Sacó de su monedero dos broches de oro labrado incrustados de perlas y cabujones, pues entonces estaba de moda, entre las clases ricas, coserlos a los cuellos de las capas. María tomó los broches y los llevó a sus labios. Guccio se sintió angustiado, pues una joya aun cincelada por el más hábil orfebre veneciano o florentino no calma el hambre. «Un tarro de miel o de frutas confitadas hubiera sido mejor presente en esta ocasión», pensó. Y le dominó la prisa por hacer algo inmediatamente.
-Voy en busca de algo con qué curaros -exclamó.
-Que estéis aquí, que penséis en mí, no pido otra cosa. ¿Os marcháis ya?
-Dentro de unas horas estaré de regreso. Iba a franquear la puerta.
-Vuestra madre... ¿lo sabe? -preguntó él sin alzar la voz. María le hizo con los ojos un signo negativo.
-No he querido obligaros -respondió-. Vos podéis disponer de mí, si Dios quiere que viva.

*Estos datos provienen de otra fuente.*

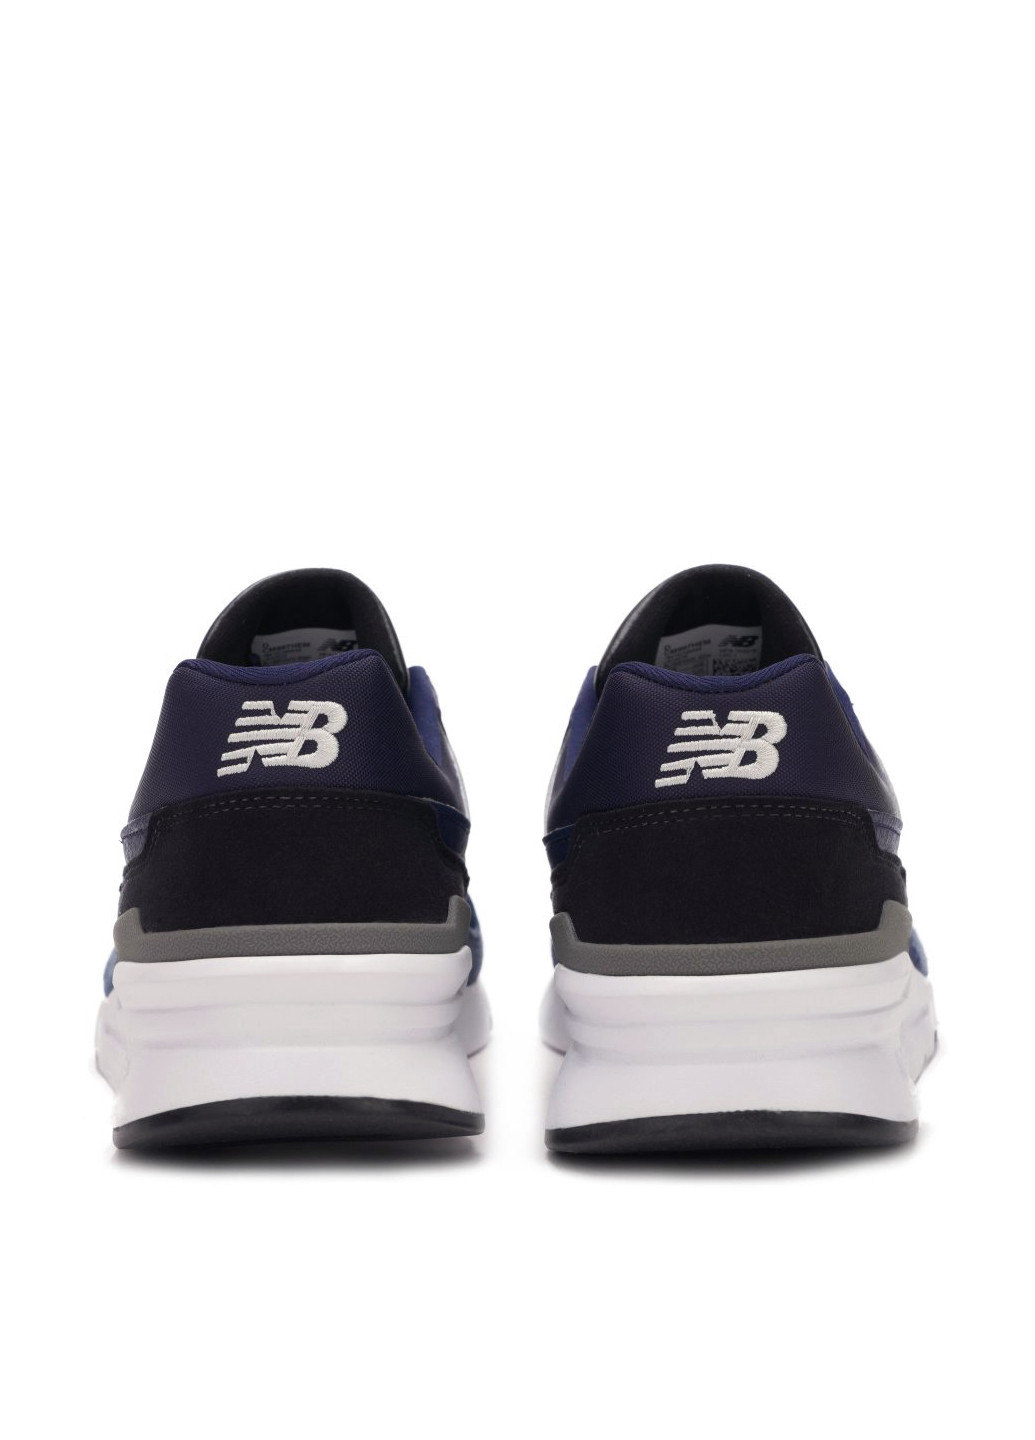 Синие всесезонные кроссовки New Balance 997

Al bajar a la gran sala, encontró a doña Eliabel en compañía de sus dos hijos, que acababan de volver. Con las mejillas hundidas y los ojos brillantes de fatiga, con los vestidos des garrados y mal remendados, Pedro y Juan de Cressay mostraban también las señales de la miseria. Expresaron su alegría de ver de nuevo a su amigo. Pero no pudieron librarse de un poco de envidia y de amargura al contemplar el próspero aspecto del joven lombardo. «La banca, sin ningún género de dudas, se defiende mejor que la nobleza», pensaba Juan de Cressay.
-Nuestra madre os ha contado, y además habéis visto a María... -dijo Pedro-. Mirad nuestra caza de hoy: un cuervo y una rata de campo, he aquí toda nuestra caza de esta mañana. ¡Poco caldo darán para toda una familia! ¿Qué queréis? Los campos están llenos de trampas. Han amenazado con apalear a los lugareños si cazan para ellos mismos, pero prefieren el palo y comerse la caza. Yo haría otro tanto. Ya no nos quedan más que tres perros.

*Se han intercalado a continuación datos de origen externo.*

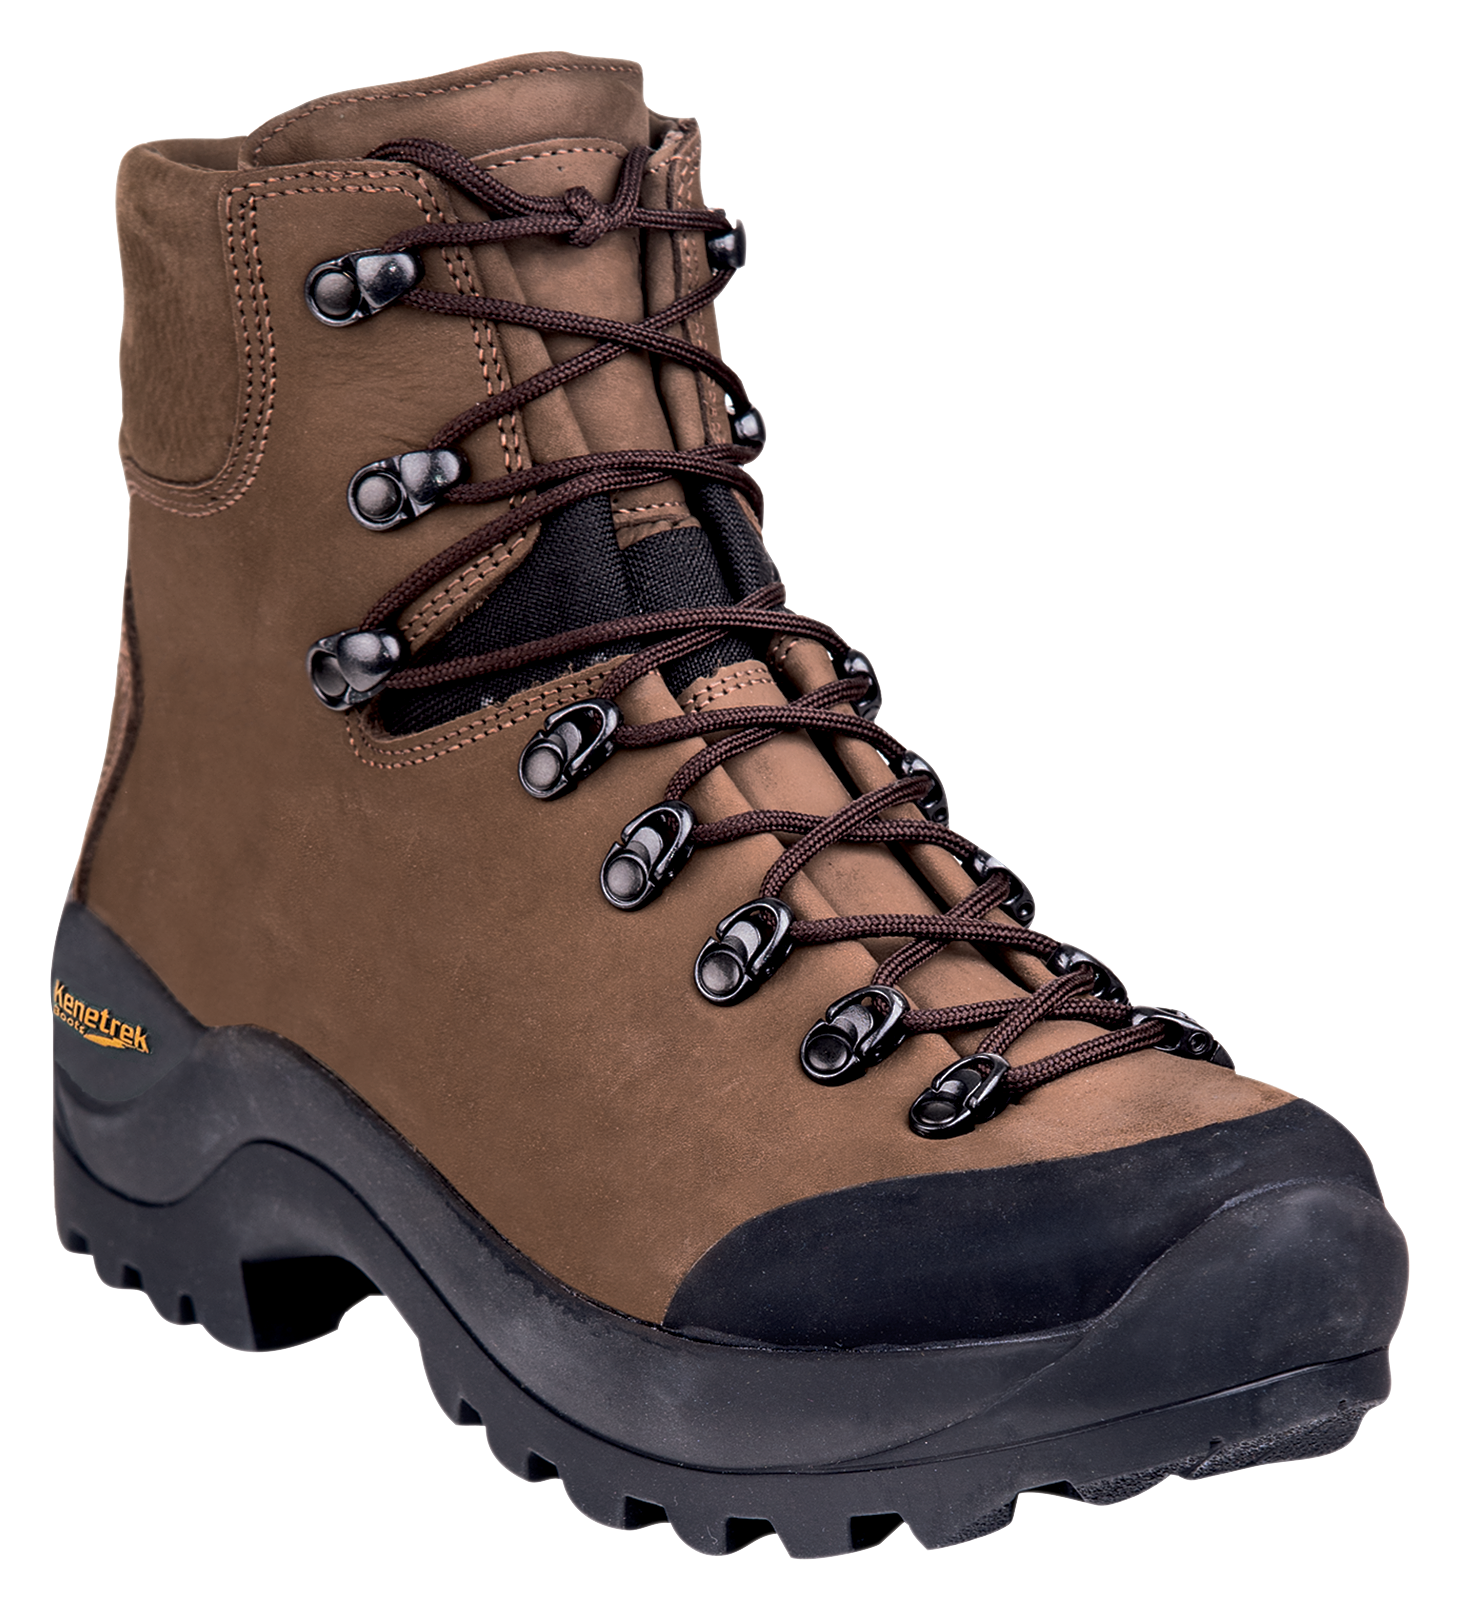 Kenetrek Desert Guide Hunting Boots for Men - Brown - 10M

-¿Os son, al menos, de utilidad los halcones milaneses que os traje el otoño pasado? preguntó Guccio.
Los dos hermanos desviaron la mirada con gesto embarazado. Después, Juan, el mayor, se decidió a responder:
-Tuvimos que cederlos al preboste Portefruit, para que nos dejara el último cerdo. Por otra parte, no teníamos con qué alimentarlos.

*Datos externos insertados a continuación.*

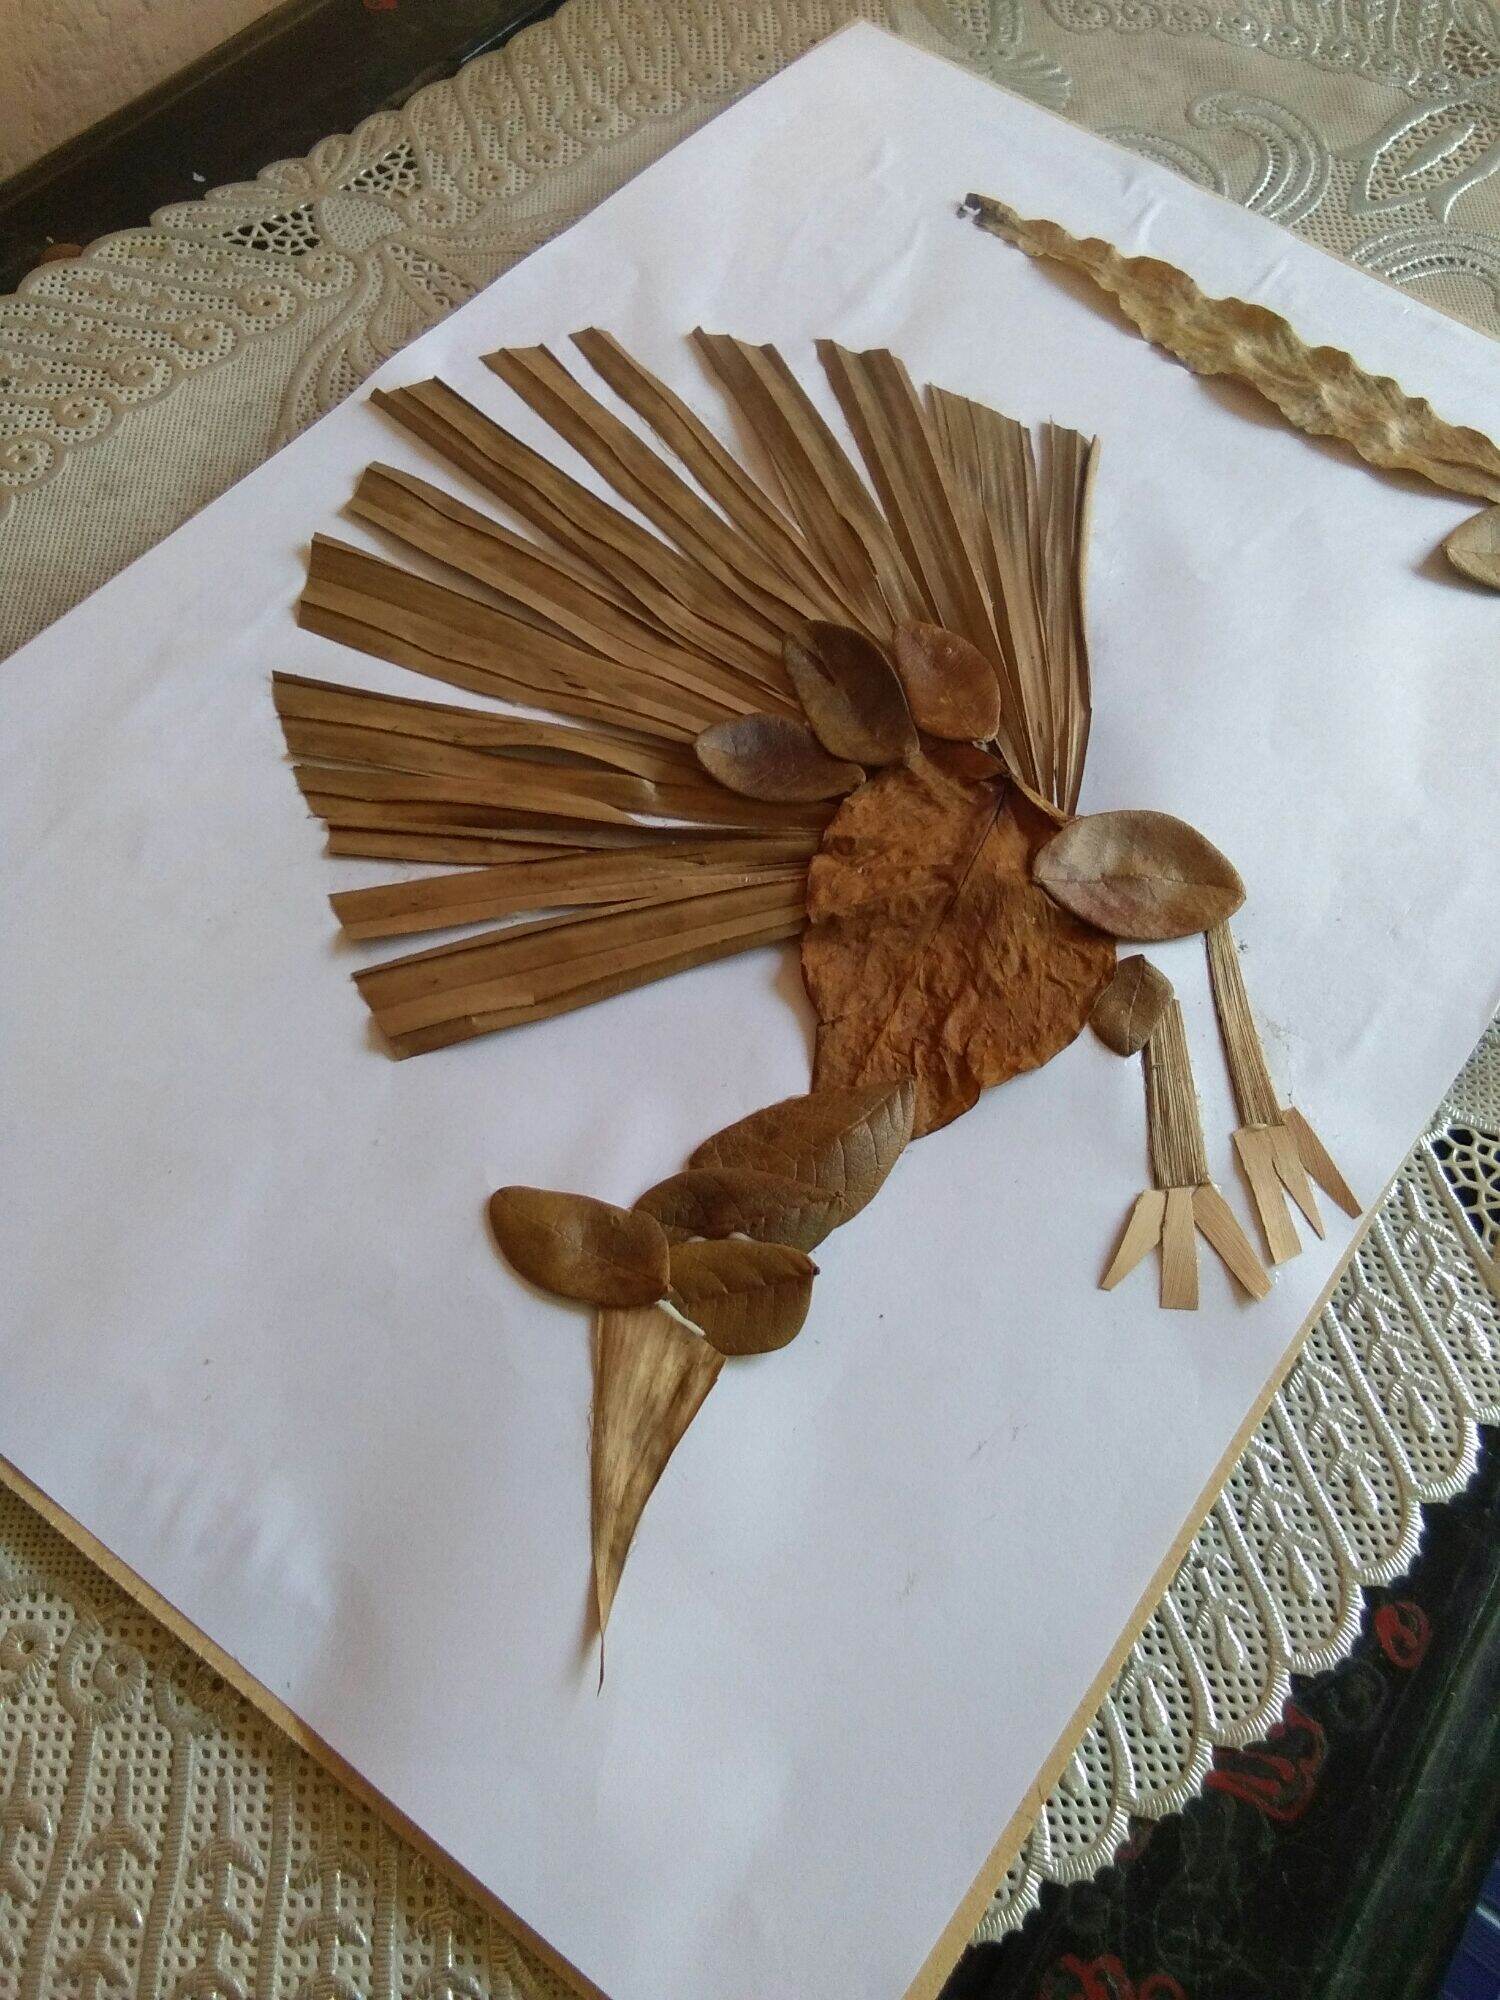 kolase daun kering model burung merak | Lazada Indonesia

-Habéis hecho muy bien -dijo Guccio-. En la primera ocasión, trataré de procuraros otros.
-Ese perro de preboste -exclamó Pedro de Cressay encolerizándose- no ha mejorado, os lo juro, desde que nos librasteis de sus garras. Por sí solo es peor que la miseria y dobla el mal.
-Me avergüenzo, señor Guccio, de la humilde comida que voy a ofreceros para que la compartáis con nosotros -dijo la viuda.
Guccio rehusó con mucha delicadeza, alegando que lo esperaban en su factoría de Neauphle.
-Voy a ver si encuentro algunos víveres -añadió-. No podéis continuar así y sobre todo vuestra hija.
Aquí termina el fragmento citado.